As a biography it is very good on the frustrations Prince Leopold felt due to his illness and the overly possessive, if clearly well-intentioned, actions of his formidable mother.

It also brings out how in his public life as Duke of Albany ne was developing skills and popularity as an active member of the Royal family when it came to opening new ventures and patronage of good causes.

Whilst he studied in Oxford - something he fought to do and achieved, becoming a very popular figure in the University - he lived in a house on Banbury Road, which still stands - it is now the University Careers Office. Given the Prince's often frustrated hopes in that matter he might find that somewhat ironic.
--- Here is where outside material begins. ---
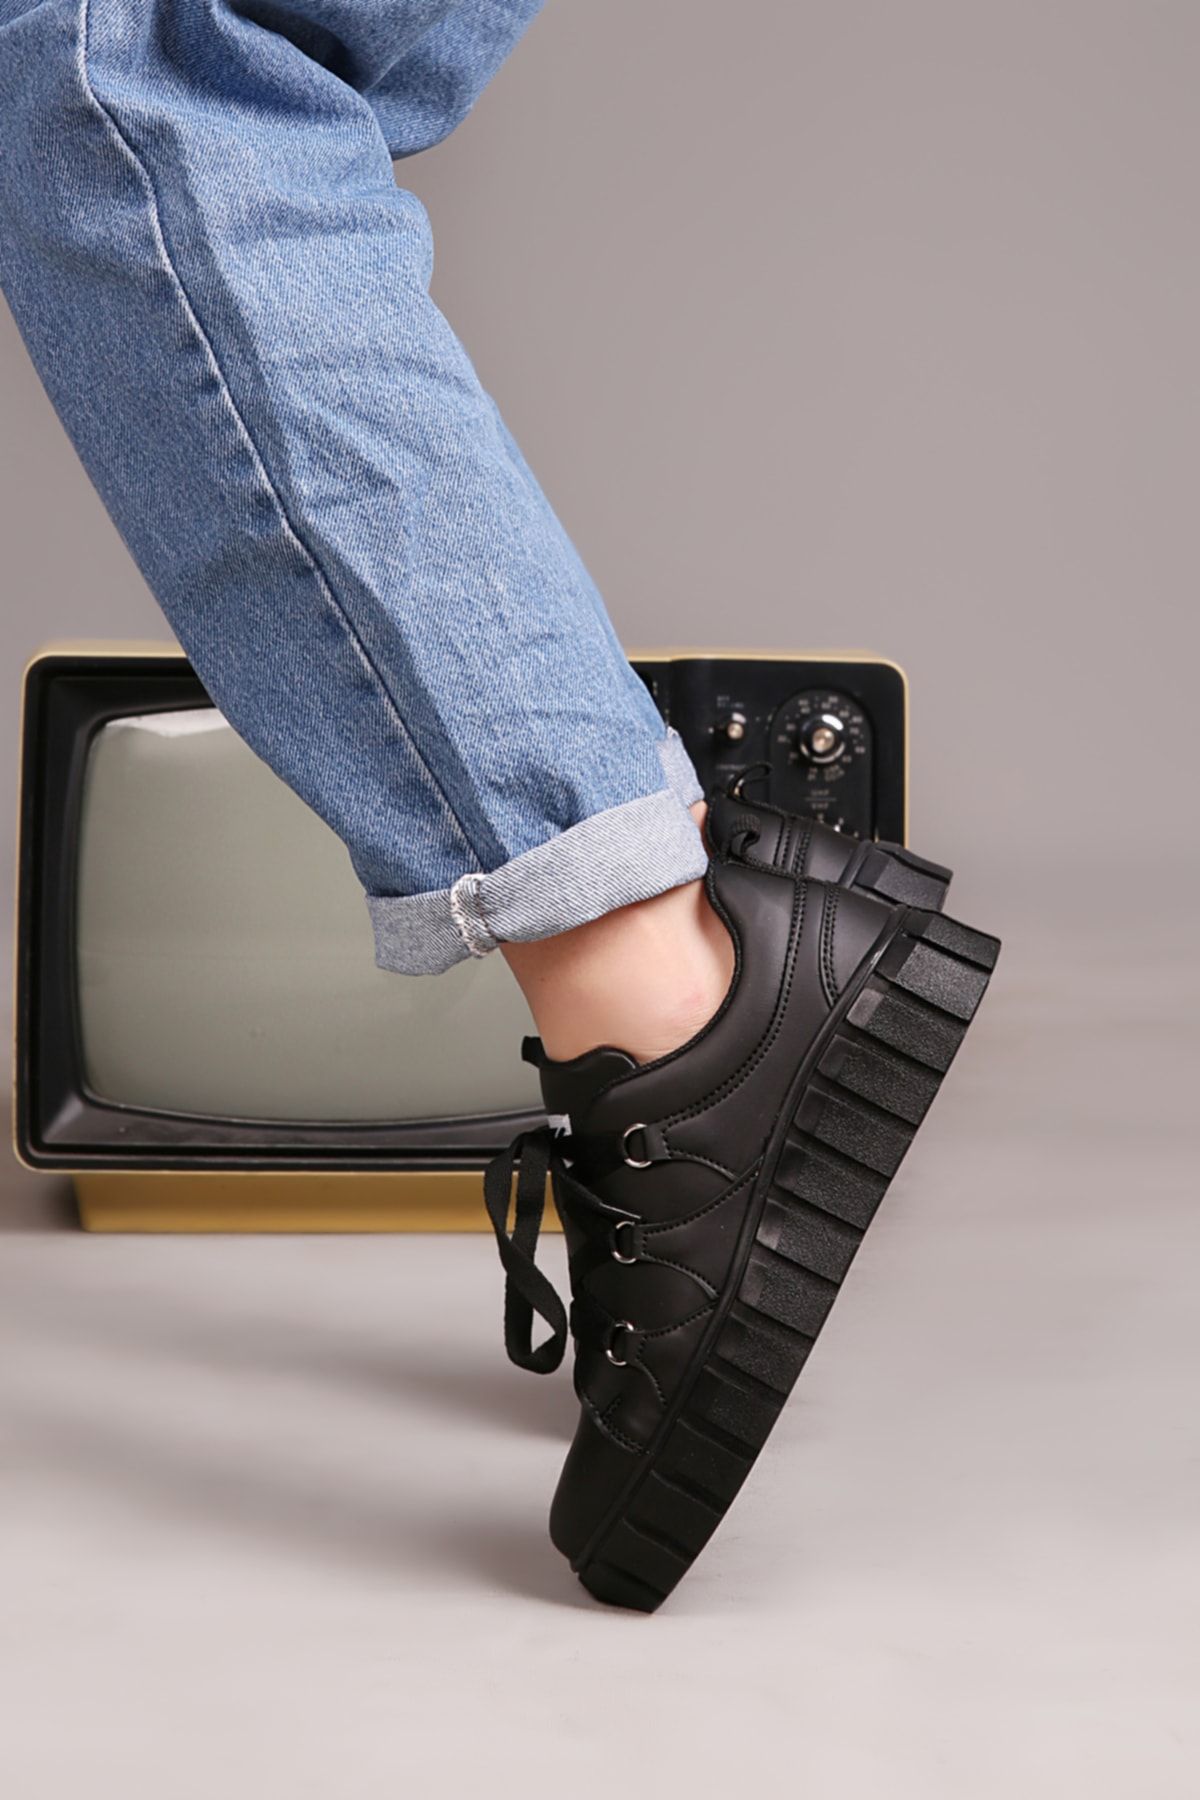 Özay ayakkabı Kadın Siyah Dolgu Taban Ortapedik Sneaker Ayakkabı

The only slight disappointment in the book is that I feel it should have more on what happened afterwards to the Prince's family - the role of his widow until her death in 1920 for example - and of his friends.

There are an interesting set of illustrations in the book, which help to evoke the life and times of a figure who, if not forgotten, has not hitherto received the attention he deserves, both as a member of the Royal family and as a courageous and obviously likeable young man whose life was cut short by a condition beyond anyone's control at the time.